Note: PMC's are PolyMorphic Classes or as the Parrot hackers like to call them, Parrot Magic Cookies.

  • Wrote a bunch of tests, fixed some bugs and updated documentation for the parrot_debugger
  • Added the ability to assign to most registers in the parrot_debugger, since eval is currently broke :( . Assigning to PMC registers still needs to be implemented.
  • Added the rand and srand dynops (dynamically loadable opcodes). Parrot does not need to be recompiled to change or modify dynops.
  • Wrote tests for the other dynops, slyly named obscure
  • Got rid of the deprecated Random PMC as well as updating all tests and documentation which referred to it. This involved fiddling with fun stuff like the befunge interpreter written in PIR and the OpenGL examples (which evidently don't work on the latest OS X)

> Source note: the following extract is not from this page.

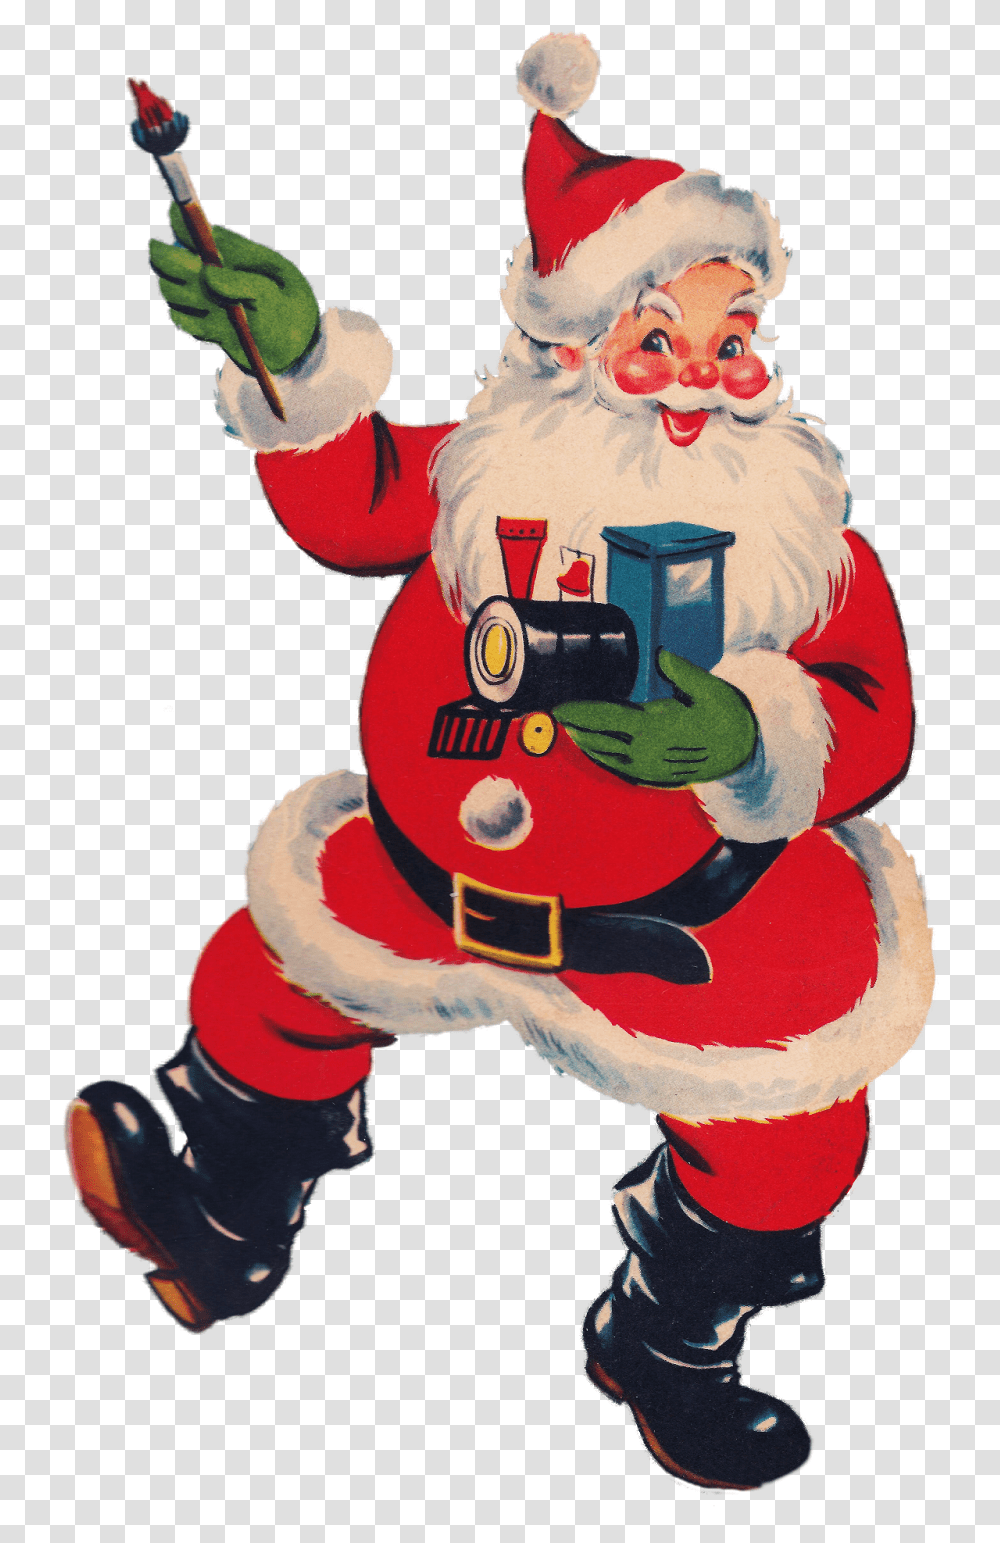 Making Merry For Over 25 Visitors Christmas Clipart Christmas Clipart Vintage Santa, Mascot, Performer, Nutcracker, Astronaut Transparent Png

  • Rakudo was using the Random PMC internally and it's test suite, so my commit to Parrot broke Rakudo from even compiling on the latest Parrot. I attempted to switch Rakudo over to use the new rand/srand dynops, but they were not being installed. I added the files to Parrot's MANIFEST.generated (thanks to jnthn++ for the hint), which stores where all installable files live. Rakudo was then able to find them and I had a once again compiling Rakudo with a passing "make test". With help from moritz++, my patch was accepted and Rakudo was once again passing "make spectest." The turn-around time on this was amazing and I would like to thank everyone in #parrot and #perl6 for making it happen.
  • Added more tests for correct handling of NaN/Inf
  • Added the test directory t/pir for compiler-agnostic tests for PIR, after talking to bacek++. I attempted to test the broken .macro_local feature, but it seems that it is not currently possible to write TODO tests in PIR for PIR that does not parse. Punted on that and just wrote some simple tests for basic macro expansion.
  • Wrote tests for pbc_disassemble and pbc_dump
  • I have a mirror of the Parrot subversion repo on github, with all of the currently active Parrot branches mirrored as well. The github network mode lets you see the relative states of each branch (flash required).